Opportunities and hazards
Before I discuss how to conduct yourself in interviews, it’s worth considering why interviews are used. If you know what the journalist is trying to achieve, or what you want to achieve in doing an interview, then you’re better placed to develop a winning approach. The most important thing with interviews, given that you’re communicating directly with the journalist, is to remember that they will publish based on their impression of you, so be polite and helpful at all times.

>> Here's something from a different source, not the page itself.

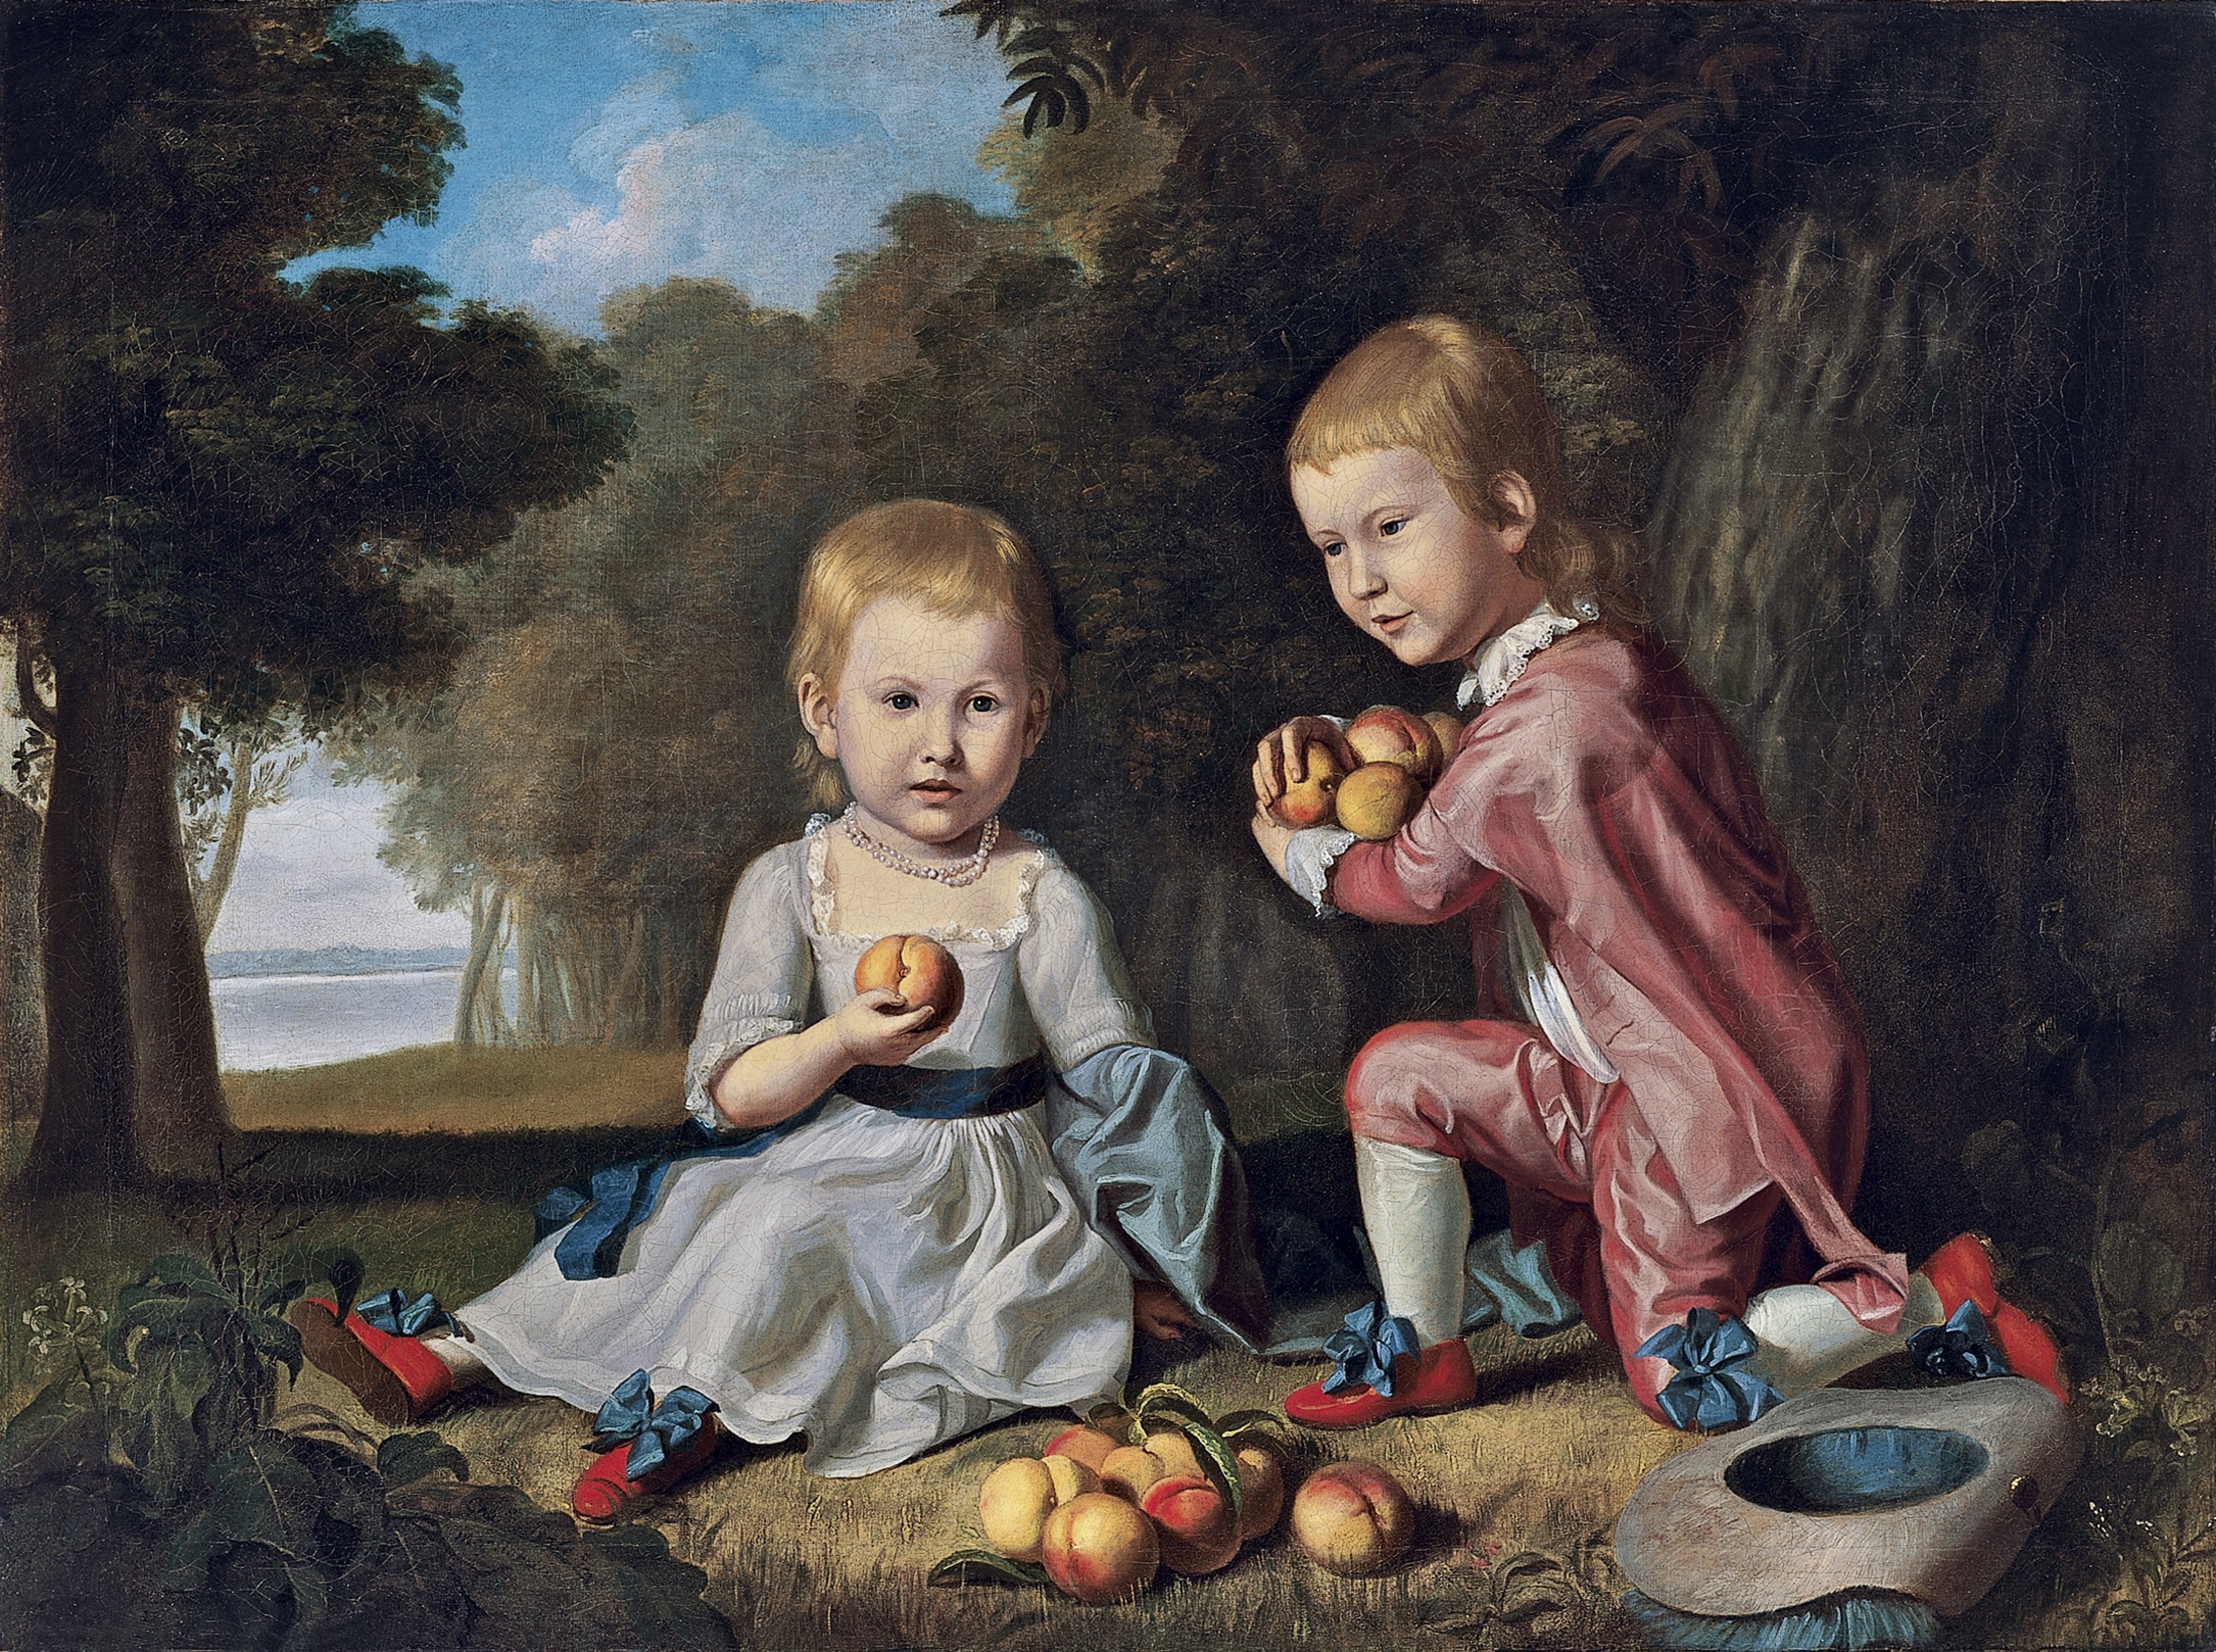 Retrato de Isabella y John Stewart. Charles Willson Peale

Articles that have been well researched, with plenty of quotes and input from relevant groups and individuals, always read better
The most common reasons for an interview are for short articles. Journalists will often receive your press release or some other news item that mentions you and want to check their facts, get a response to some allegation or just get a nice quote. Articles that have been well researched, with plenty of quotes and input from relevant groups and individuals, always read better. So if you’re being interviewed for a short article, it’s your opportunity to get one or two points across in your favour. You can correct misunderstandings, give them a few choice soundbites and help them go beyond the information they’ve gleaned from press releases. Journalists are often very lazy, so you’ll have a good opportunity to feed them important information that they’ve not bothered to research themselves.
Another reason is to create a feature article based around an interview, or sometimes a series of interviews. This is an easy way for a journalist to structure an article, since they can just run through the themes that you talk about and write it up. They can be far more readable than a block of prose if you come across as friendly and interesting. And if the journalist makes the effort to write it up properly (as opposed to simply formatting the question-answer structure) then they can present you and your project in an informal manner, be it warm or hostile.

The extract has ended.